Small companies focus on remaining debt free

Almost half of small and medium-sized businesses are 'permanent non-borrowers', research finds. 


Almost half of small and medium-sized businesses are ‘permanent non-borrowers’, research finds. 

Seven in ten SMEs agree that their aim is to pay down debt and remain debt free, though 36 per cent would be prepared to take external finance to help their business grow, according to the SME Finance Monitor by BDRC Continental.

Just over quarter (27 per cent) of SMEs would not be prepared to borrow in those circumstances.

However, once ‘permanent non-borrowers’ (PNBs) are removed from the sample, the proportion of remaining SMEs reporting a borrowing ‘event’ in the past 12 months rises from 18 per cent to 35 per cent. This has increased steadily since the start of 2014 back to levels seen in 2013.

Similarly, while 14 per cent of all SMEs in Q1 planned to apply for new/renewed facilities in the three months after interview, once the PNBs are excluded, the proportion planning to apply is boosted to 27 per cent of remaining SMEs, one of the highest figures to date.

Some 76 per cent of applications made for new/renewed loans and overdrafts in the last 18 months (Q4 2013-Q1 2015) were successful. This figure has grown steadily over recent quarters (it was 66 per cent for the 18 months to Q2 2014).

This is due to improving success rates for new money applications, including for First Time Applicants (FTAs) who have previously seen success rates declining. More than half of FTAs have been successful (55 per cent) in the 18 months to Q1 2015, up from 38 per cent for the 18 months to Q2 2014.

Just under one third (31 per cent) of SMEs are aware of any government or other support scheme for SME funding. However, once prompted with the names of five key initiatives, awareness increases to 53 per cent, including 23 per cent who are aware of the Funding for Lending Scheme, and 11 per cent who are aware of the British Business Bank.

Awareness of crowd funding compares well with awareness of these other initiatives, with 38 per cent of SMEs (excluding PNBs) aware of it in Q1 2015, the highest level recorded to date on the Monitor.

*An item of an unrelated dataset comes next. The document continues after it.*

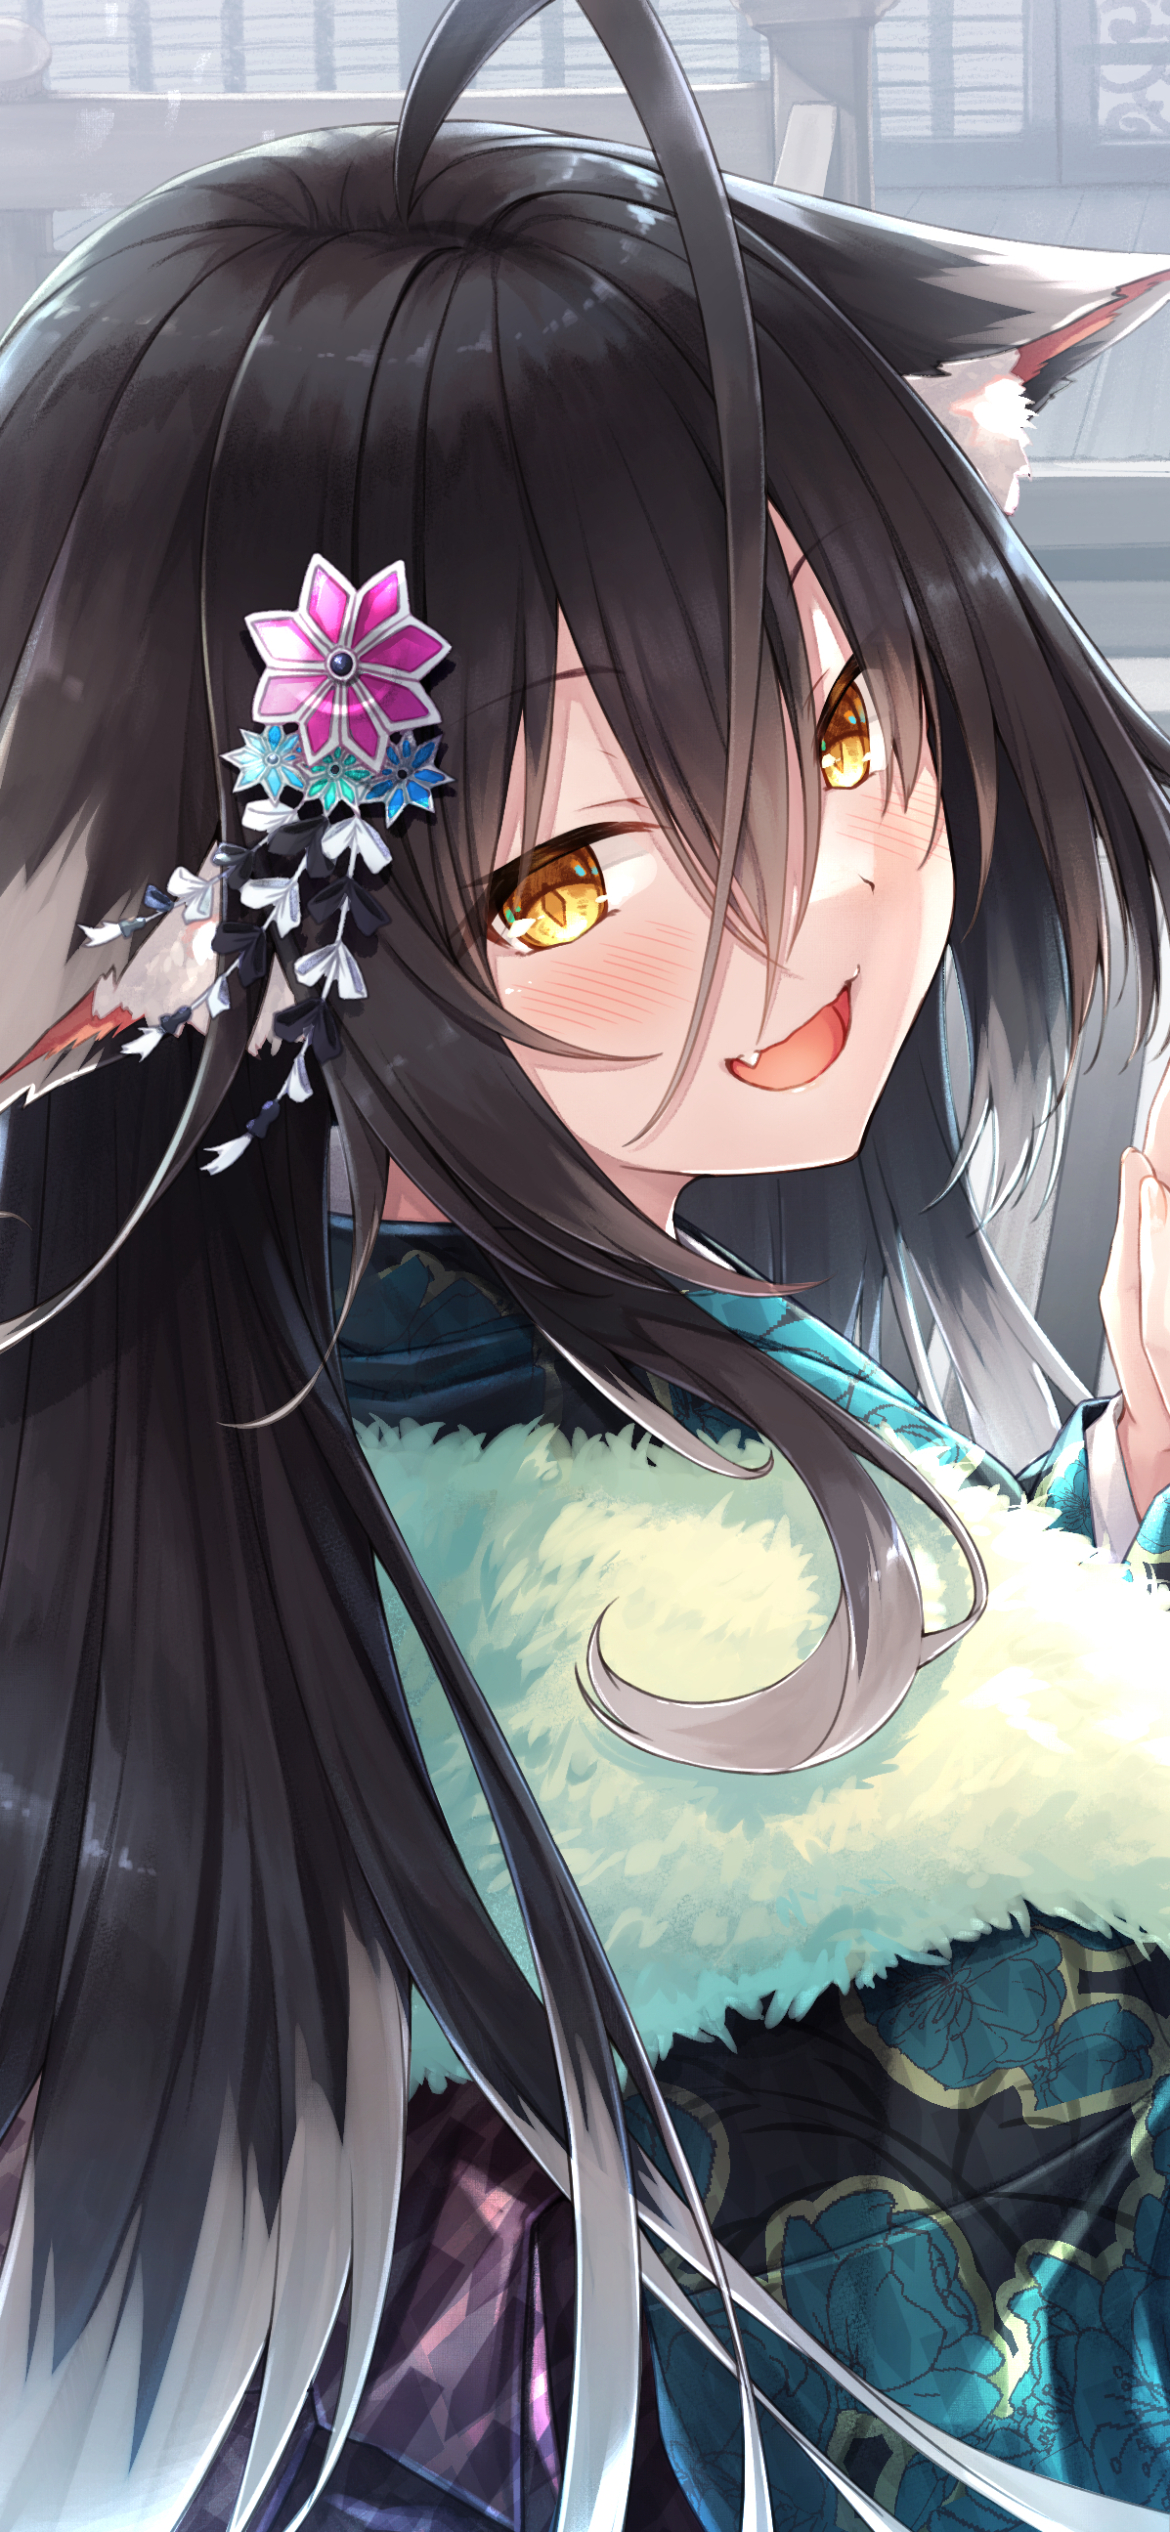 anime girl with long black hair and black eyes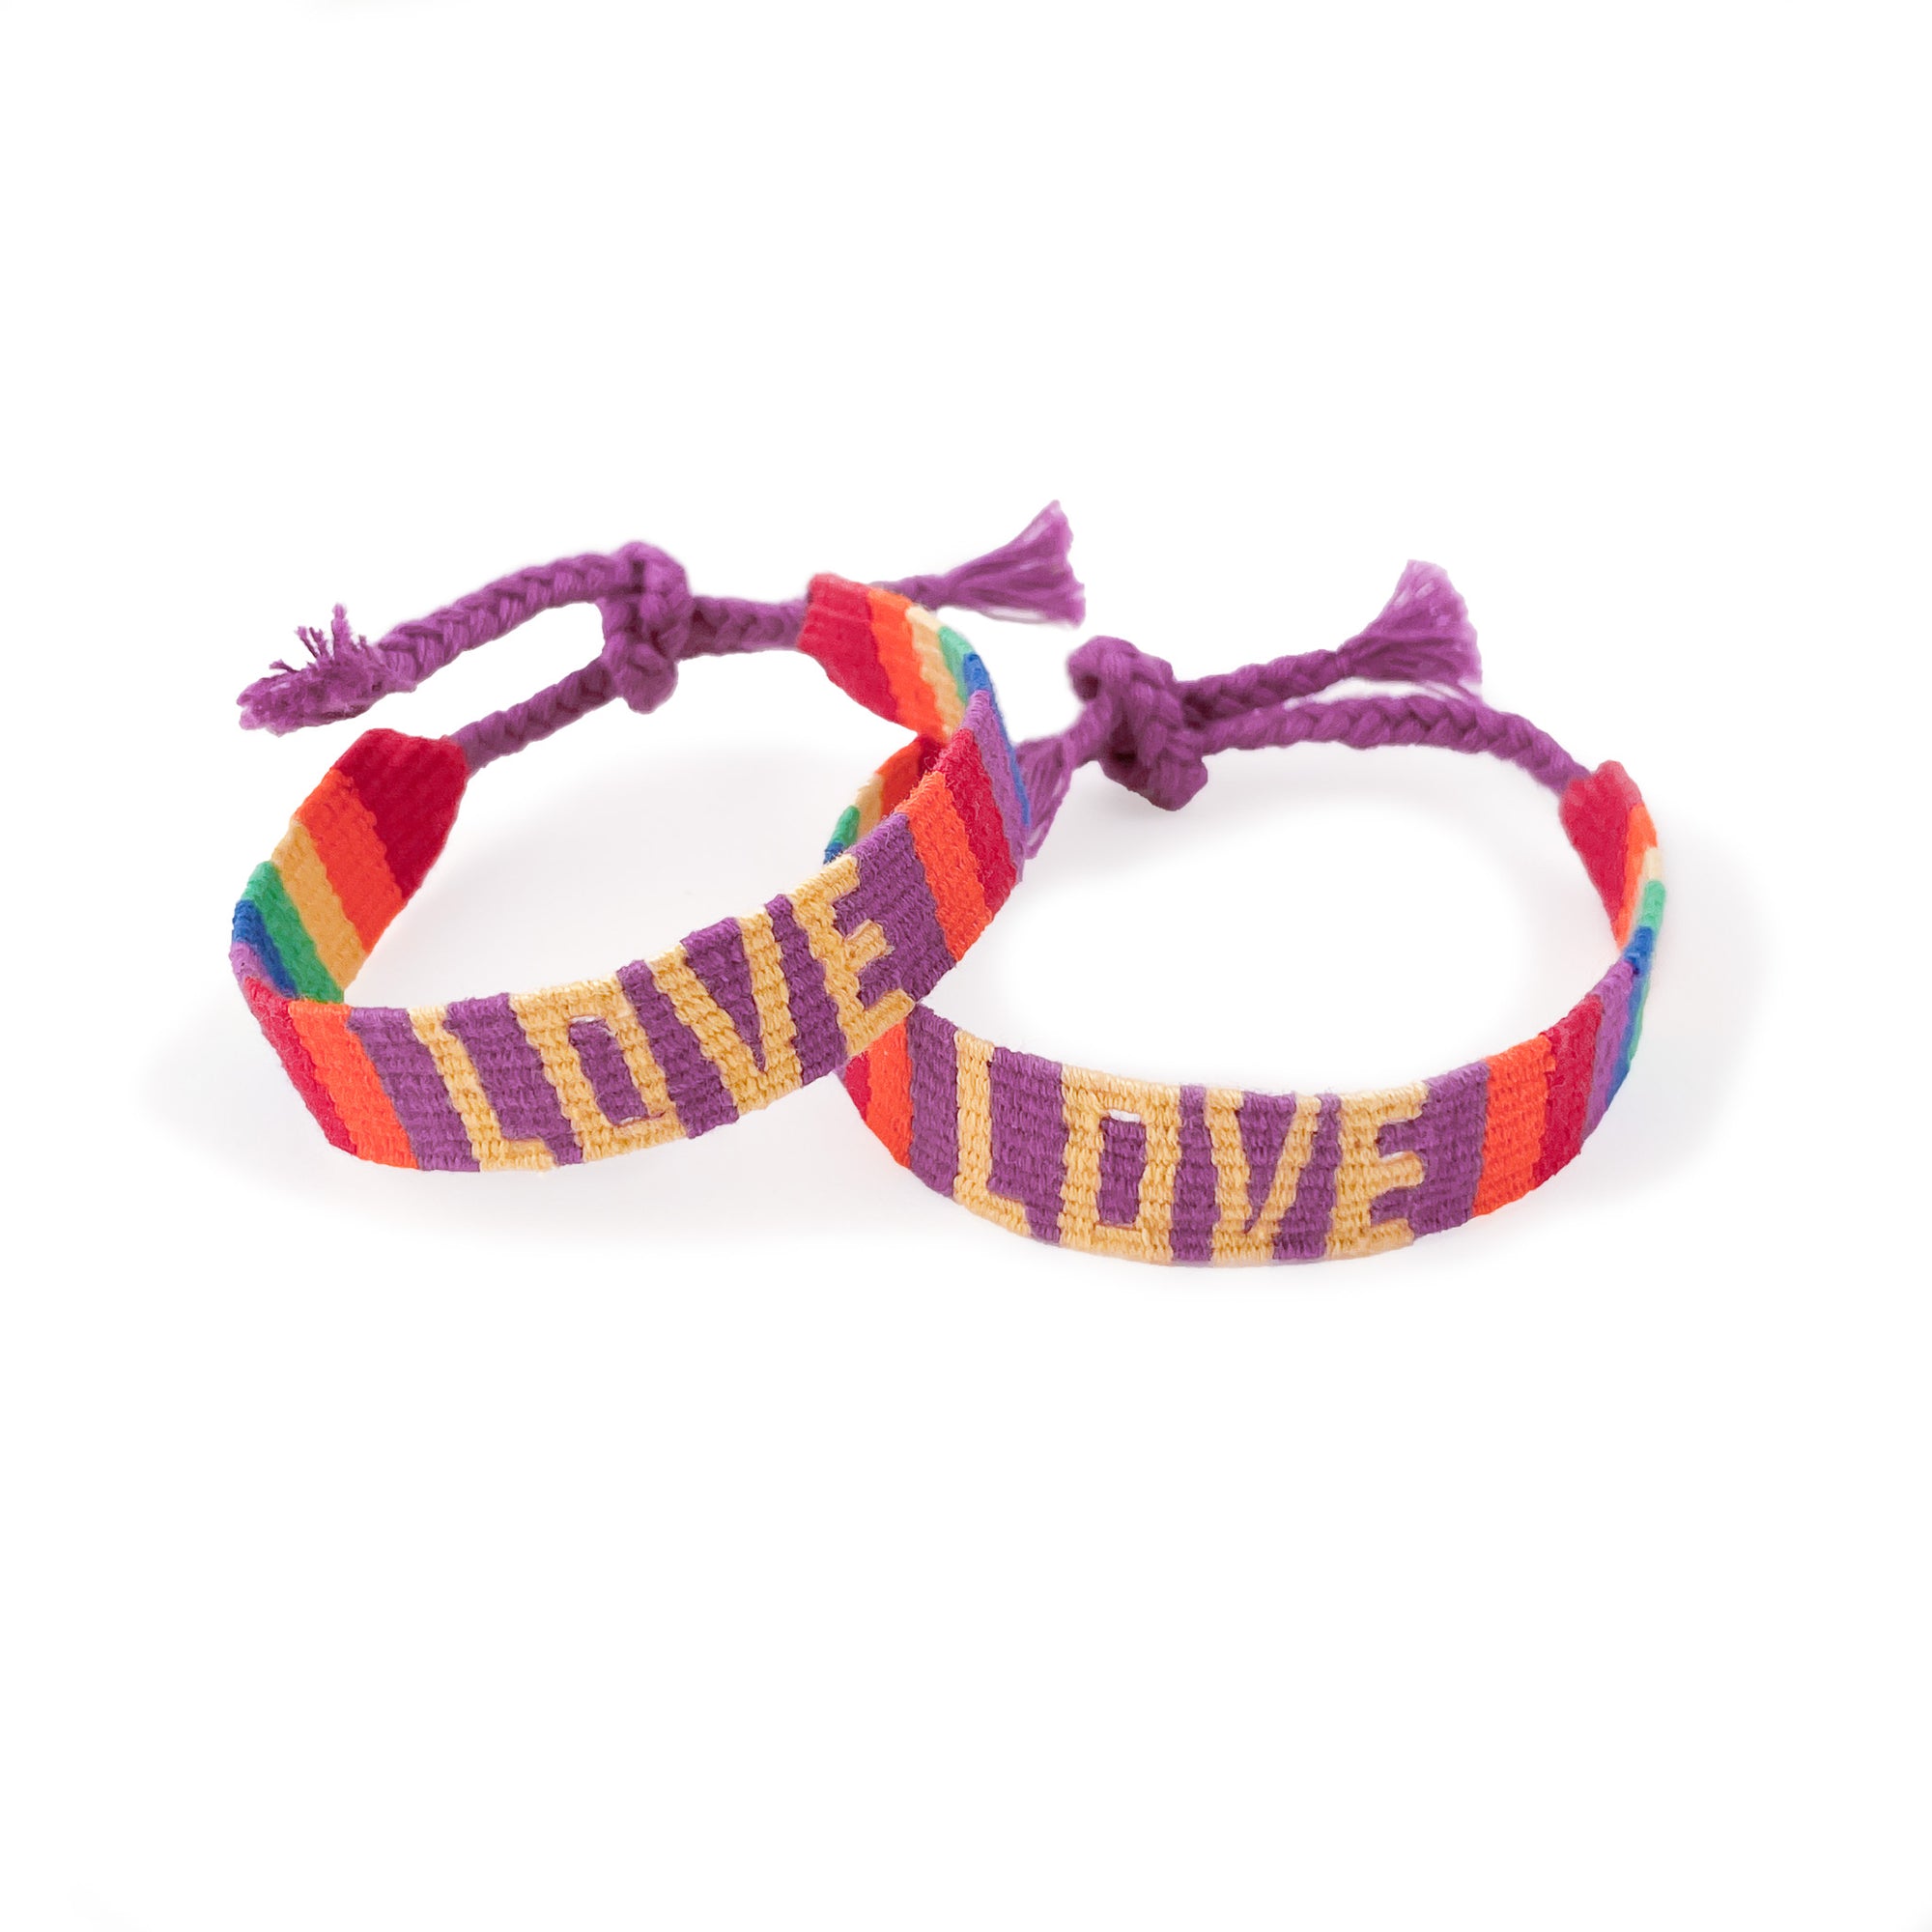 Two friendship bracelets, with the word LOVE in pale yellow over a purple background with color block rainbow stripes and purple ties

BDRC director Shiona Davies says, ‘Our analysis for this first quarter of 2015 shows some interesting differences between two clear groups of SMEs based on their attitude to finance. One half now meet our definition of a PNB and the growth in the size of this group has masked a recent increase in use of, and appetite for, finance amongst the other half of SMEs.’

Norman Carson, director of business development for finance provider Boost Capital adds, ‘Some SMEs remain cautious of new and unknown ways of borrowing money. Perversely, many of these cynics admit the ease of access to funds is very attractive as is the capital availability offered by alternative funders but the fear of the unfamiliar remains too great for them to overcome.

‘In fact, more than half of SMEs that have previously applied for alternative finance did so because of the greater flexibility offered than the high street banks.’